Sustainability, 2021, vol. 13, issue 9, 1-17

Abstract: The objective of this paper is to study the effect of coconut oil biodiesel (COB)-diesel blends on exhaust particulate matter (PM) emissions and fuel injection responses in an unmodified turbocharged four-stroke common-rail direct injection (CRDI) diesel engine. Characterization of COB and their blends has been conducted to ascertain the applicability of these fuels for the existing engine. The test fuels used were fossil diesel fuel, COB10, COB20, COB30 and COB50 of biodiesel-diesel fuels. A test cycle which composed of 16 different steady-state modes at various loads and speed conditions was followed. Generally, the results showed a marginally advanced SOI timing and longer injection duration with increasing COB blends at higher load as compared to diesel fuel. Additionally, the lower calorific value (CV) and higher viscosity of the COB fuel blends have resulted in reduced turbo boost pressure and increased common-rail fuel injection pressure, respectively, across all engine speeds and loads. On the aspects of PM emissions characterization, results indicated that the blending of COB with conventional diesel had benefits over diesel in PM reduction. In fact, the largest achievable PM mass reduction of 38.55% was attained with COB50. In addition, it was noticed that the size of PM particles accumulated such that the granular size increased with higher diesel content in the blend. Additionally, the composition analysis on the PM collected by EDX spectroscopy has revealed that the C, O and Si as three main elements that made up the PM particles in descending order. Overall, the results indicated that COB biodiesel is a clean-burning alternative fuel and can be used satisfactorily in an unmodified diesel engine without the needs for engine remapping.

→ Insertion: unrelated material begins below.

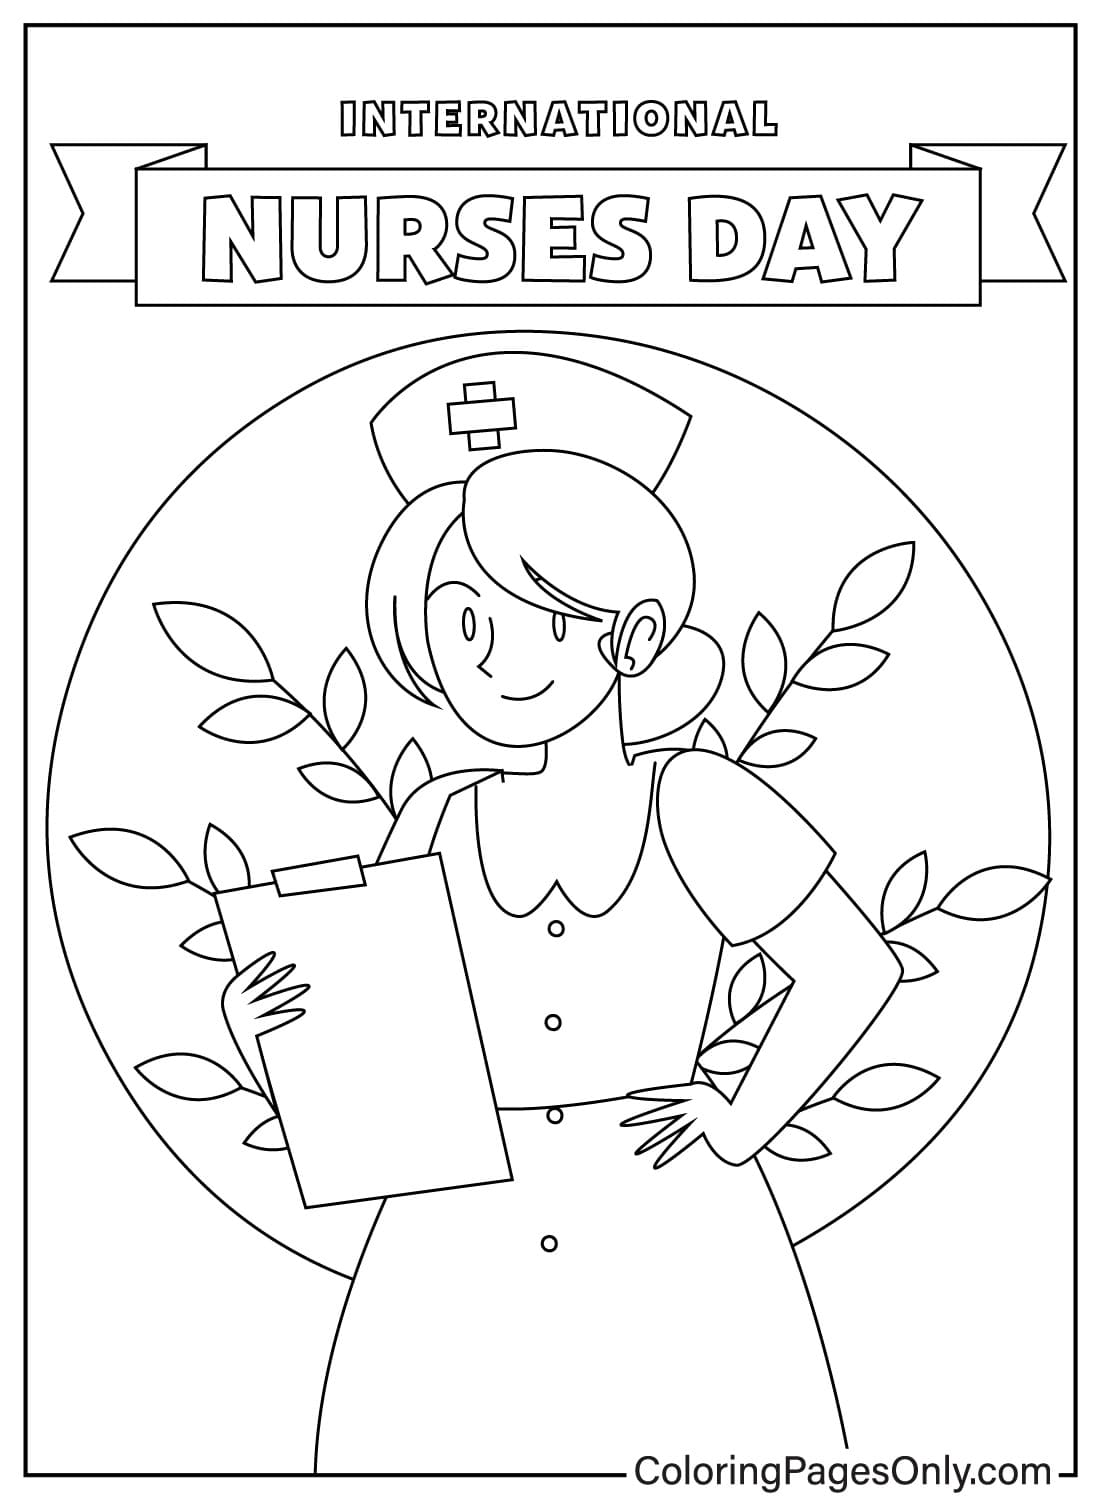 Página para colorear de enfermeras nacionales de Nurse

Keywords: sustainable fuels; particulate matter; coconut biodiesel; common-rail; biodiesel; combustion and renewable energy (search for similar items in EconPapers)
JEL-codes: O13 Q Q0 Q2 Q3 Q5 Q56 (search for similar items in EconPapers)
Date: 2021
References: View references in EconPapers View complete reference list from CitEc
Citations: View citations in EconPapers (1)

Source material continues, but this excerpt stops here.